Mark D. Jordan's 1997 "The Invention of Sodomy in Christian Theology" examines, if from a homosexual rather than heterosexual concentration, the misreading of the Genesis story that led to identification of the crime of Sodom & Gomorrah with neither inhospitality to strangers nor possibly gang rape but a canonical insistence that the sin of the townspeople referred to same-sex penetration. Jordan addresses, however, a learned readership within a narrower scope; Hennig appeals to a casual reader looking for thoughtful but lighter diversion. The learning's easygoing.
This topic, as well as the heterosexual experiences Bentley refers to in passing, lumbers about culturally weighted with considerable baggage ever since the Christian condemnation of this activity consigned those who investigate it into furtive pursuits. While queer theory and gay-oriented readings have dominated emerging study in the past few decades, the heterosexual contexts remain far less scrutinized in detail. Bentley documents her skill at the game, rarer her fellow fans; Hennig admires the crowd more often than play-by-play action. Lately, the topic's habitually consigned to queer theory or gay-themed cultural studies. For a male-female dynamic fully fleshed out, this androgynous "contested space" demands a mass-market study pitched beyond pathologists-- or perhaps psychoanalysts-- as far as I can tell!
However, considering the lack of competition, this jeu d'esprit, a witty bagatelle of 32 variations on an often furtive sight well lure you, as Hennig reminds us, to gaze with renewed interest at each other's passing by. It's full of suggestions and possibilities that leave you, as the book's only 180 large-type pages, with curious details and a sense that there's much more to be found about this subject. Perhaps this is the nature of any study of what appeals to the erotic sensibility and, for this topic, the conventionally forbidden expression of its fulfillment.
I wish the book had footnotes, as the references cannot be traced without any paginal documentation. No bibliography, either. Monochrome photos exist, but they were torn out of my public library copy before I checked it out, so I cannot comment. The examination of Hennig's sources, those earlier loving looks and hateful stares, remains superficial. This weakens the usefulness of this text beyond one man's heap of wit and arcane learning.
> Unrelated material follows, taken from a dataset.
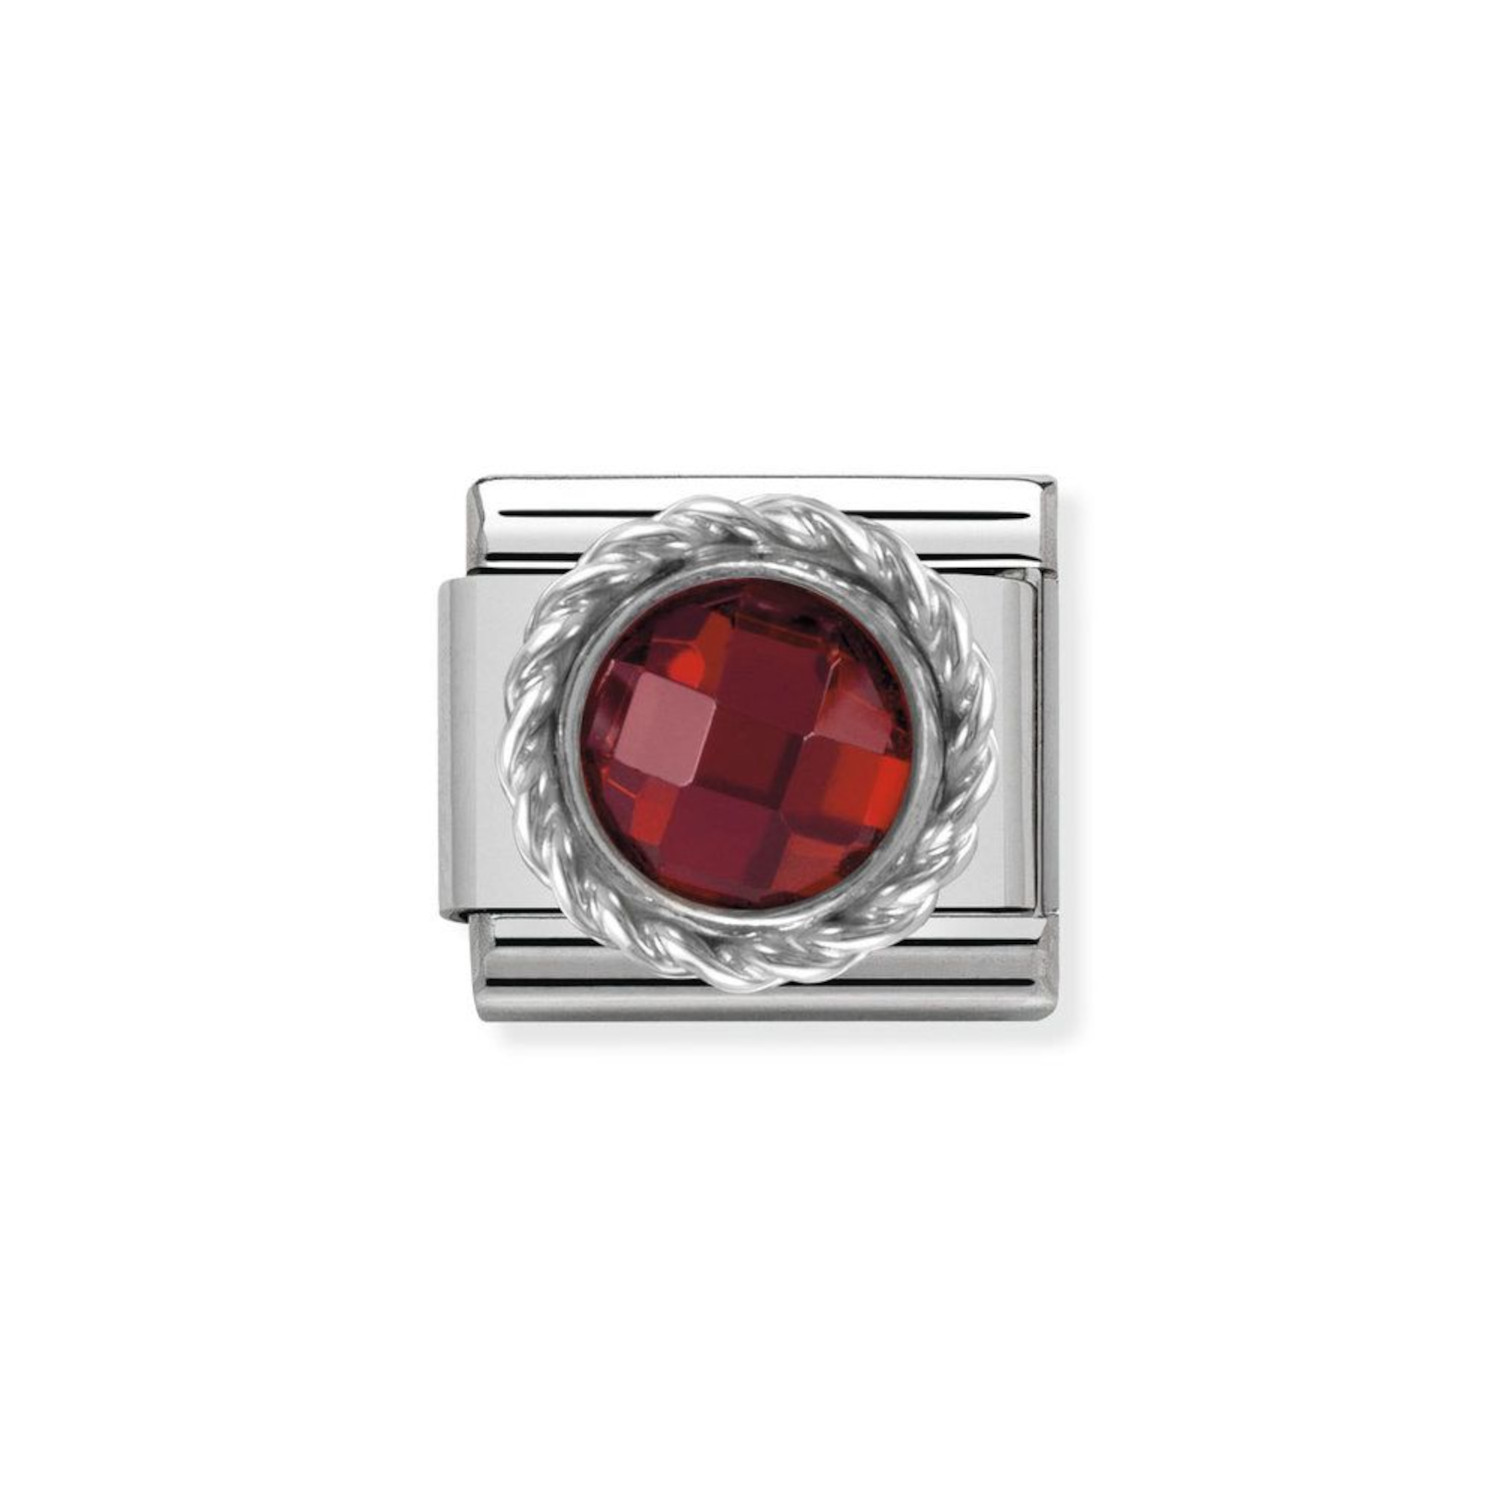 NOMINATION COMPOSABLE CLASSIC LINK IN STERLING SILVER WITH ROUND FACETED RED STONE 330601/005

Nevertheless, it's a quaint perusal despite its often superficial array of ideas arranged more to graze among for a few minutes rather than to nourish into a more sustained examination of the subject. Hennig, like so many smart writers, makes an obvious point-- but one that you and I may not have expressed so precisely. The area of our own body least easily viewed by me is that open to your visual scrutiny-- and possibly the erotic attention of everyone else who follows us. Unless we look back, perhaps we never know who's taking the measure of our own rear view.